In a multilingual world, the United States remains a mostly monolingual country. Even though roughly 70 million Americans speak a language other than English at home, almost 80 percent speak English only. In Europe, almost two thirds of working age adults report knowing at least one foreign language. While over 300 million Chinese students are studying English, only 200,000 or so American students are studying Chinese.
Americans’ foreign language complacency may stem from the knowledge that English remains the language of international business and diplomacy and is by far the most commonly studied second language around the world. But others’ knowledge of English is no substitute for Americans’ knowledge of foreign languages.
The war in Ukraine serves as a wake-up call to Americans to make competence in foreign languages an urgent economic, national security, and educational priority.
The U.S. government once recognized the importance of expertise in foreign languages and cultures. Spurred by Cold War tensions and the Soviet Union’s Sputnik launch, Congress passed the National Defense Education Act in 1958 and Fulbright-Hays in 1961, in part to help meet the country’s need for foreign language and global studies expertise.
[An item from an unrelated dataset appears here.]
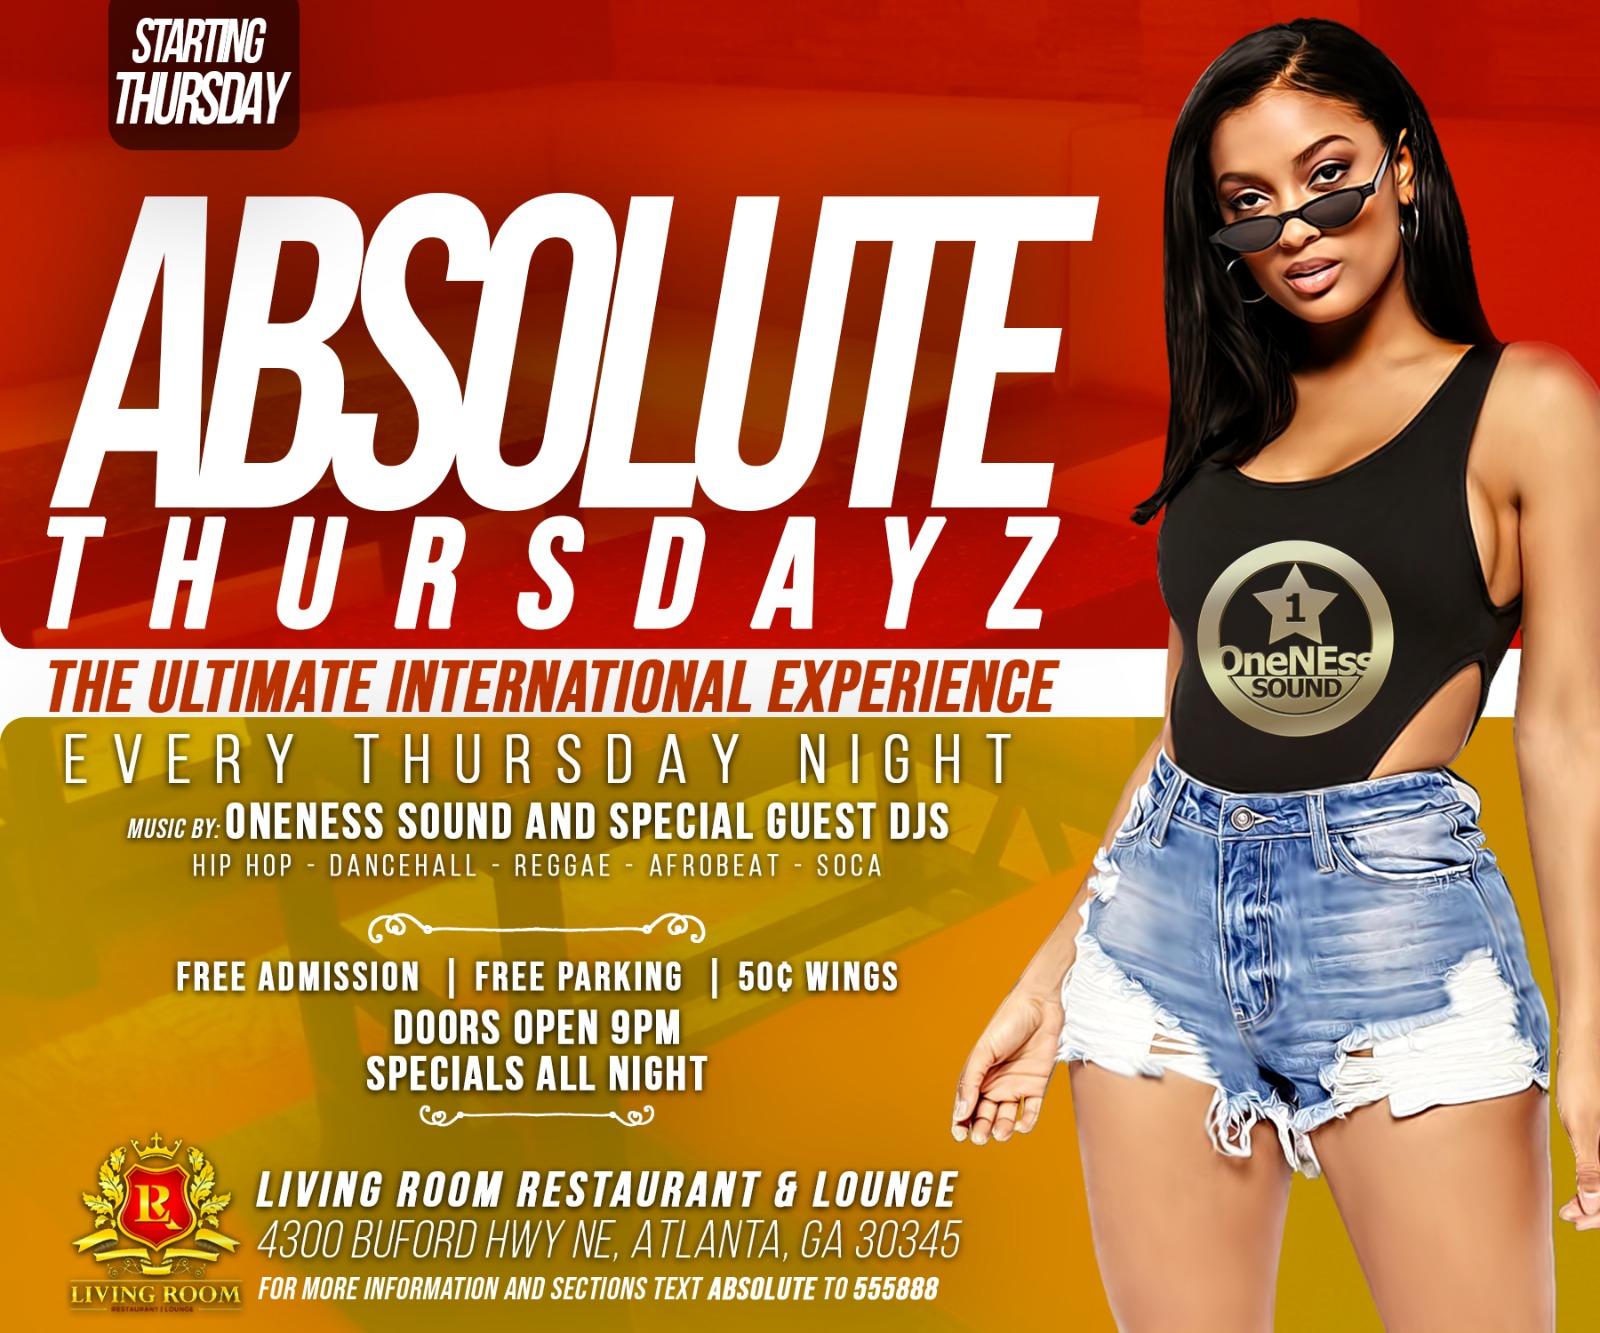 Absolute Thursdayz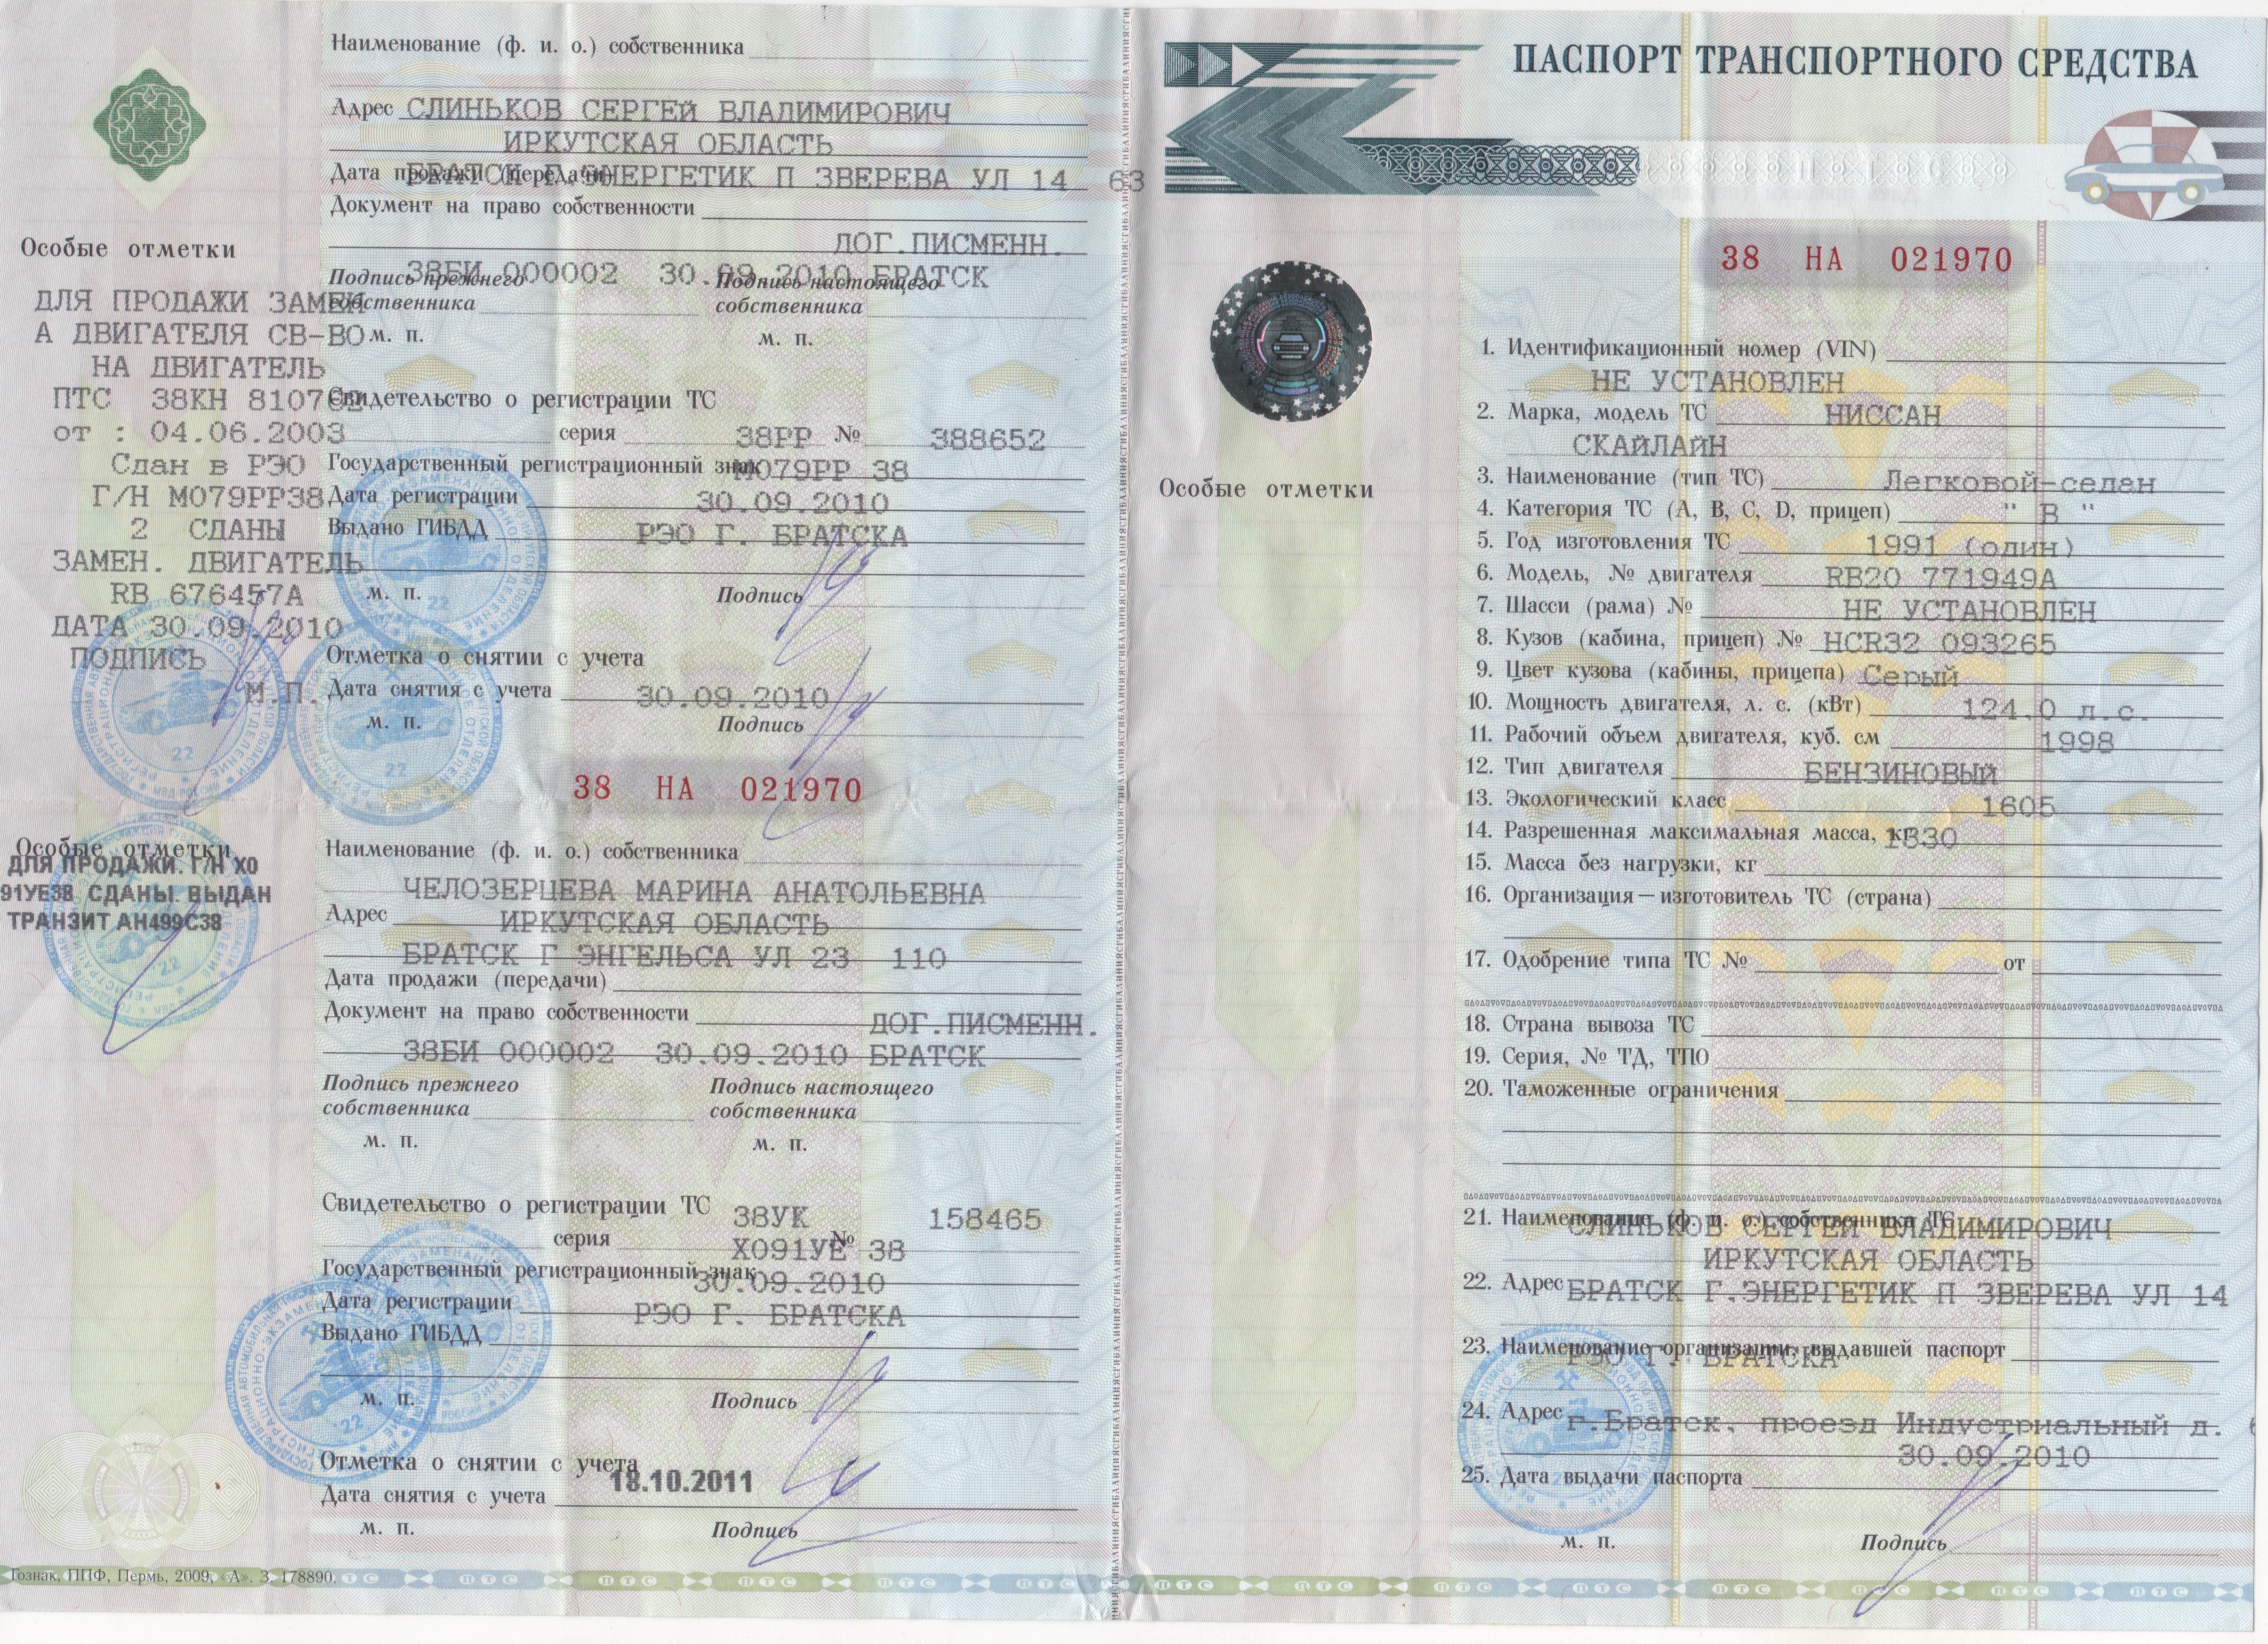 Электронный птс: как выглядит паспорт транспортного средства в россии

Support surged in the aftermath of 9/11, but fell sharply after 2011. It has yet to recover.
A 2020 Council on Foreign Relations report notes that at the State Department, “language-designated positions overseas are 15 percent vacant, and 24 percent of those staffed are filled by officers who do not meet the minimum language requirement.” The Defense Department has over 30,000 language positions, many of which it cannot fill. This deficit has greatly hampered the United States in diplomacy, intelligence gathering, war fighting, and nation building.